Standard vs Autopilot: The Most Important Decision
| Attribute | GKE Standard | GKE Autopilot |
|---|---|---|
| Billing unit | Node capacity (reserved) | Pod resource requests (used) |
| Cluster mgmt fee | $0.10/hr ($73/mo) | $0.10/hr ($73/mo) |
| Node management | You manage nodes | Google manages nodes |
| Bin packing efficiency | Depends on your config | Optimized by Google |
| Best for | High workload density, GPU, custom nodes | Variable workloads, simplicity |
Autopilot wins when: Your cluster has highly variable workloads (peaks and troughs), you want to stop paying for idle node capacity, and you don't need custom node configurations or GPU nodes.
Standard wins when: You have consistently high workload density (nodes are well-utilized), you need custom machine types or GPUs, or you're running Spot nodes for batch workloads where Autopilot's constraints are limiting.
Spot Node Pools on GKE
GKE Spot VMs can save 60–91% vs on-demand. GKE automatically handles Spot eviction by gracefully terminating pods with a 25-second window (slightly less than AWS's 2 minutes — ensure your preStop hooks complete quickly).

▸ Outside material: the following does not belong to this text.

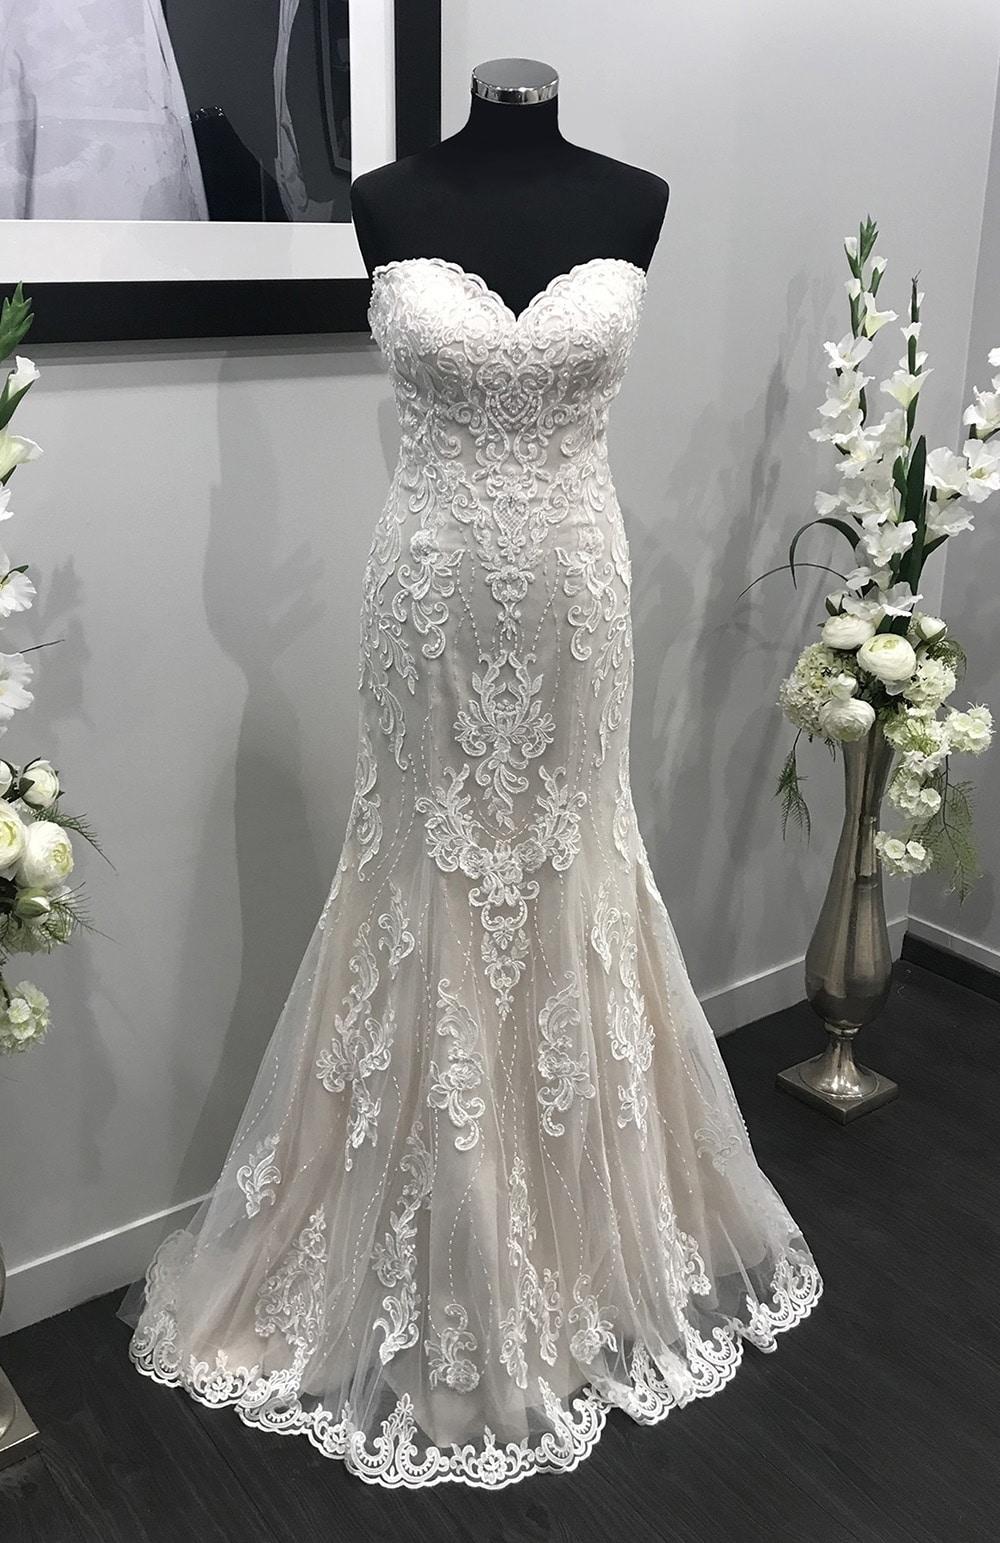 Robe de mariée Modèle Marylin – 799 €

Use a mixed node pool strategy: Standard nodes for your system node pool and stateful workloads, Spot nodes for stateless services and batch jobs. The cluster autoscaler manages both pools independently.
Cluster & Pod Autoscaling
Cluster Autoscaler: Enable on all user node pools. For Spot pools, set minimum nodes to 0 to allow full scale-down during idle periods. Configure --scale-down-unneeded-time=5m for faster scale-down in cost-sensitive environments.
Horizontal Pod Autoscaler (HPA): Scale pods based on CPU, memory, or custom metrics. Pair with cluster autoscaler — as pods scale down, nodes eventually become unneeded and are terminated.
Vertical Pod Autoscaler (VPA): Automatically adjusts resource requests based on observed usage. In Recommendation mode first, then Auto for non-critical workloads. Avoid running VPA and HPA on the same resource metric simultaneously.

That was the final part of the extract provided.